RSUD Syarif Idrus akan dilengkapi berbagai peralatan medis modern, seperti CT scan, cath lab, USG ekokardiografi, layanan pemasangan ring jantung, laboratorium patologi anatomi, mamografi, kemoterapi, serta fasilitas hemodialisa bagi pasien gagal ginjal.

Menkes menegaskan bahwa layanan spesialis sengaja dihadirkan lebih dekat dengan masyarakat agar pasien tidak perlu dirujuk ke rumah sakit di ibu kota provinsi.

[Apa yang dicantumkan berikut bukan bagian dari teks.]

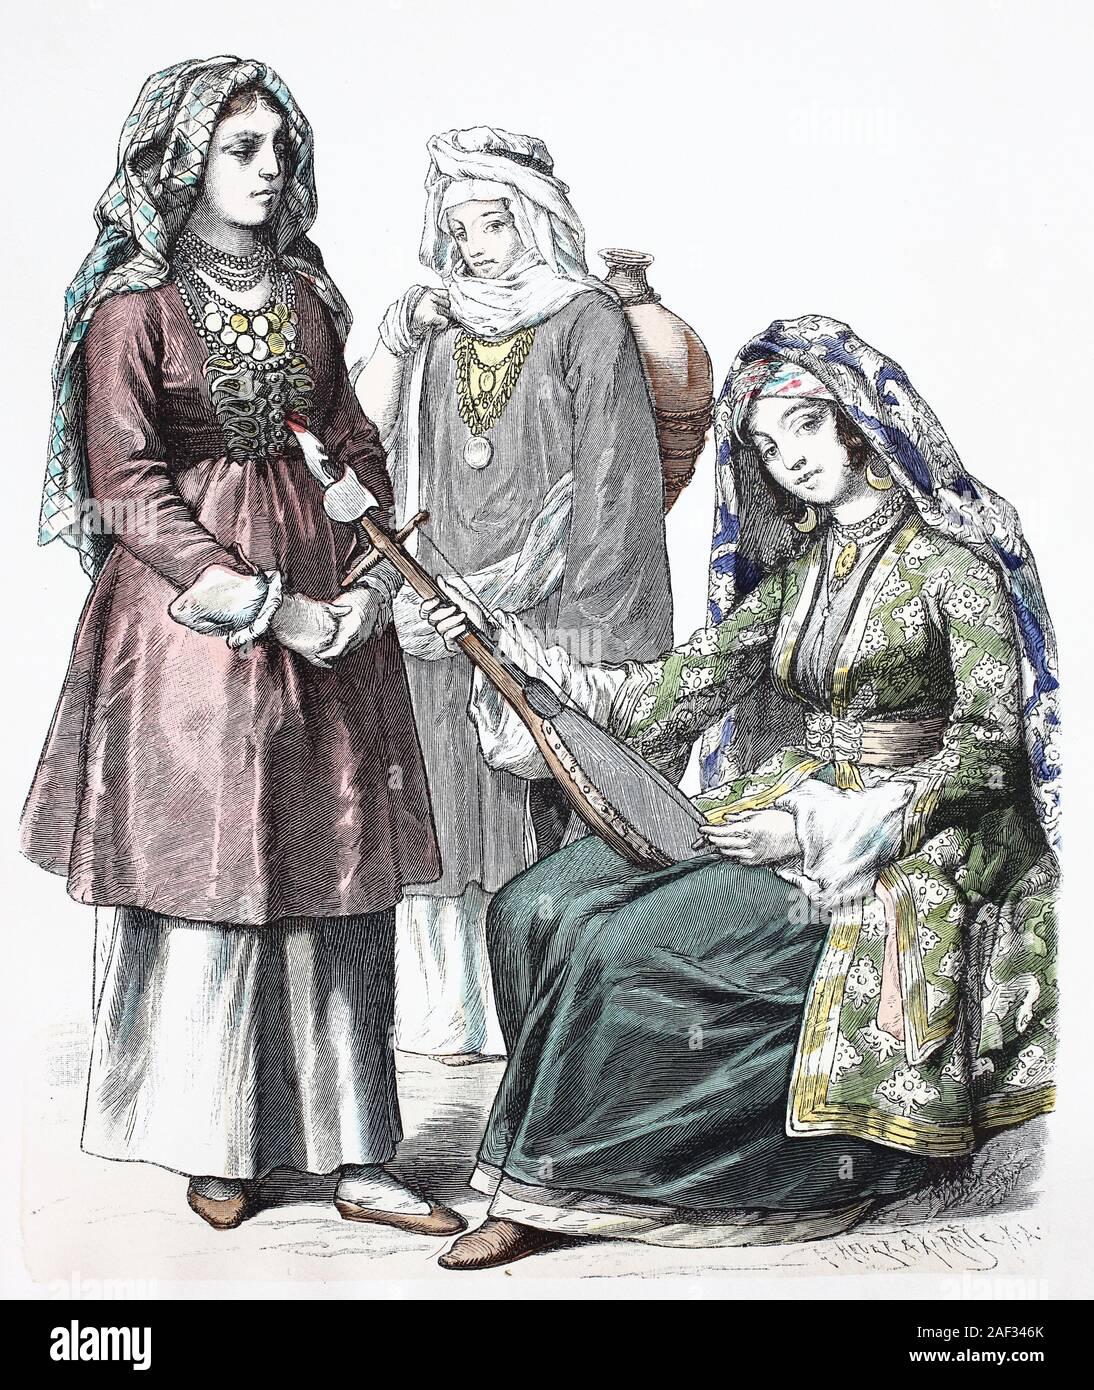 Dagestan girls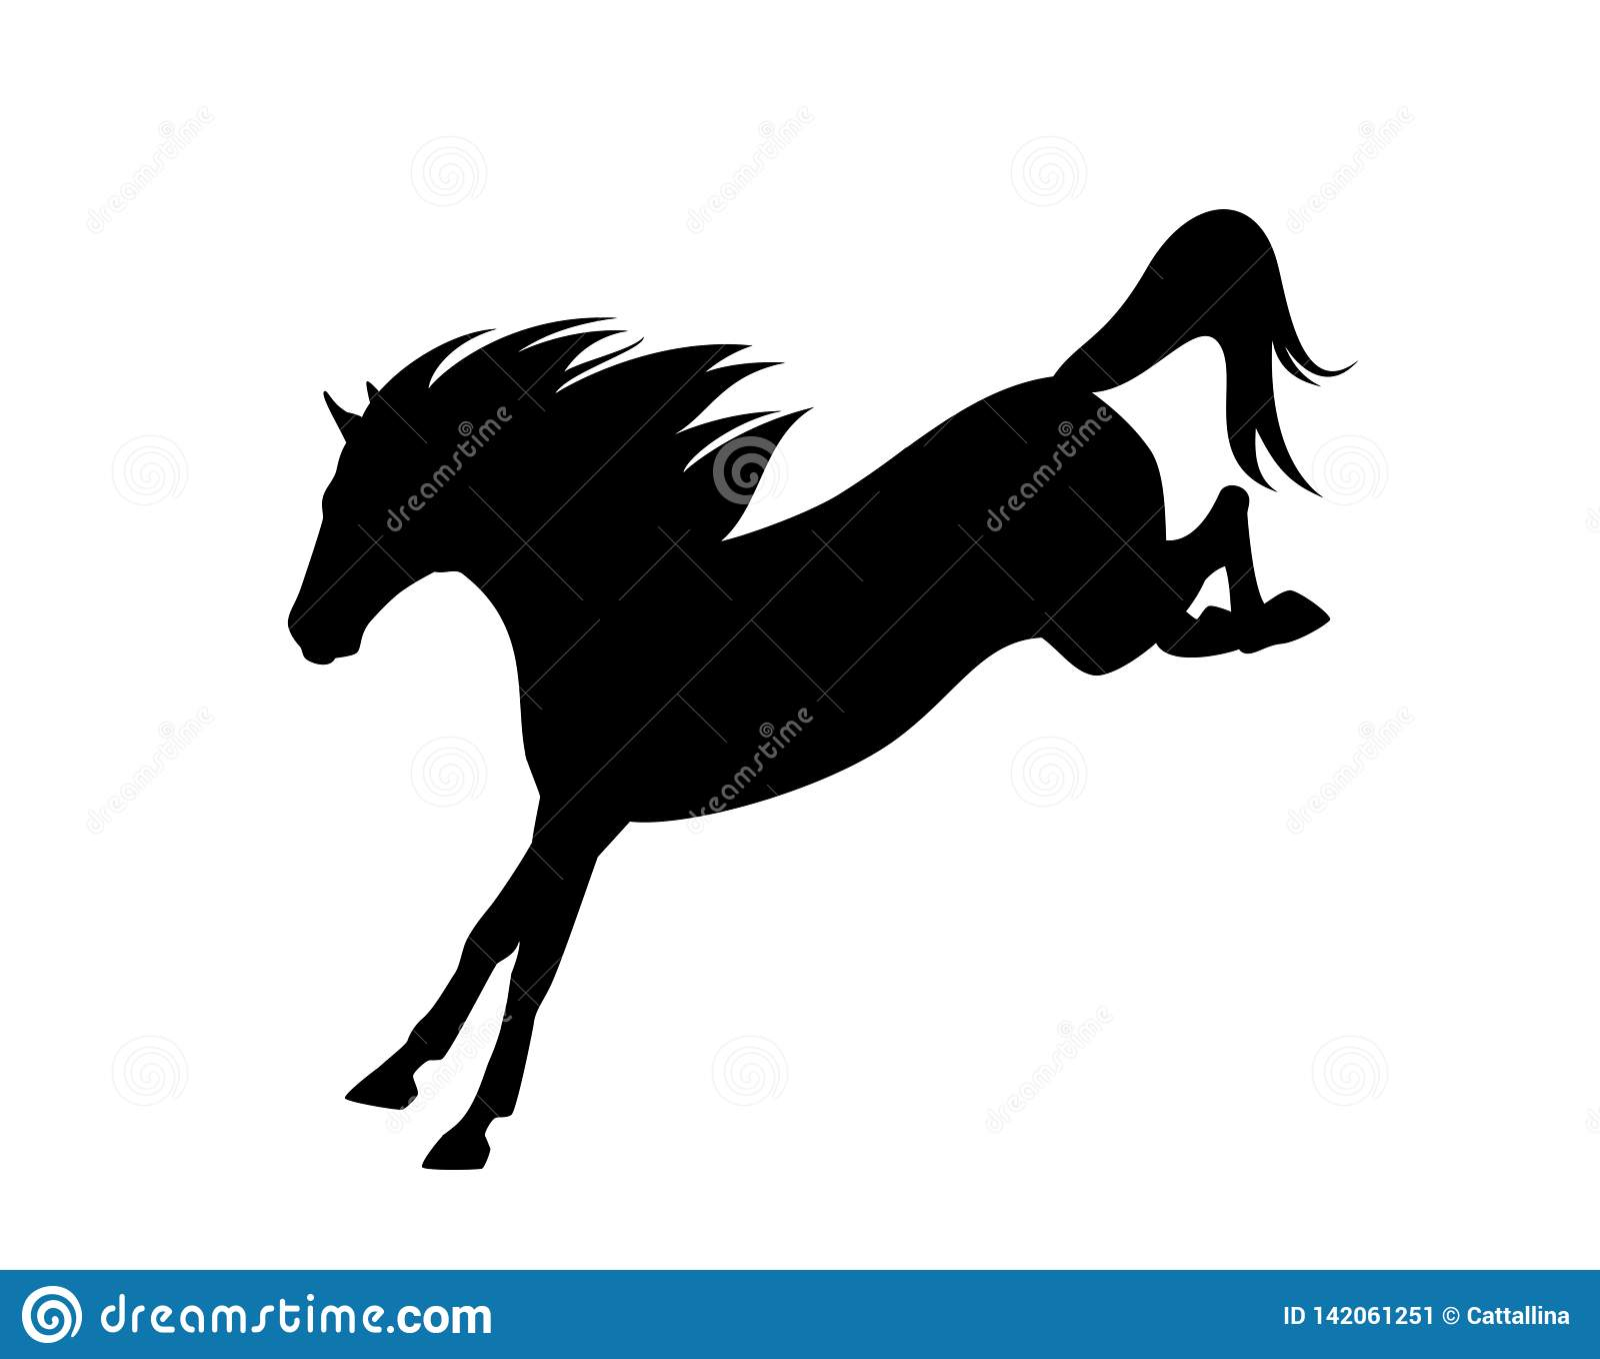 Black Horse Jumping Stock Illustrations 1 537 Black Horse Jumping Stock Illustrations Vectors Clipart Dreamstime

Rumah sakit ini ditargetkan mulai beroperasi secara optimal pada Juni 2026, dengan pengadaan alat kesehatan pada Maret 2026.

Sementara itu, Gubernur Ria Norsan menyampaikan harapannya agar pembangunan rumah sakit modern seperti di Kubu Raya dapat diperluas ke wilayah lain, khususnya Kabupaten Sintang, sebagai pusat layanan bagi masyarakat perhuluan.

Menurutnya, keberadaan fasilitas kesehatan lengkap di wilayah timur Kalimantan Barat akan sangat membantu masyarakat agar tidak perlu menempuh perjalanan jauh ke Pontianak.

Dengan hadirnya RSUD modern ini, pemerintah berharap sistem rujukan yang panjang dapat dipangkas sehingga masyarakat, termasuk di daerah terpencil, dapat memperoleh layanan kesehatan yang lebih cepat, merata, dan berkualitas.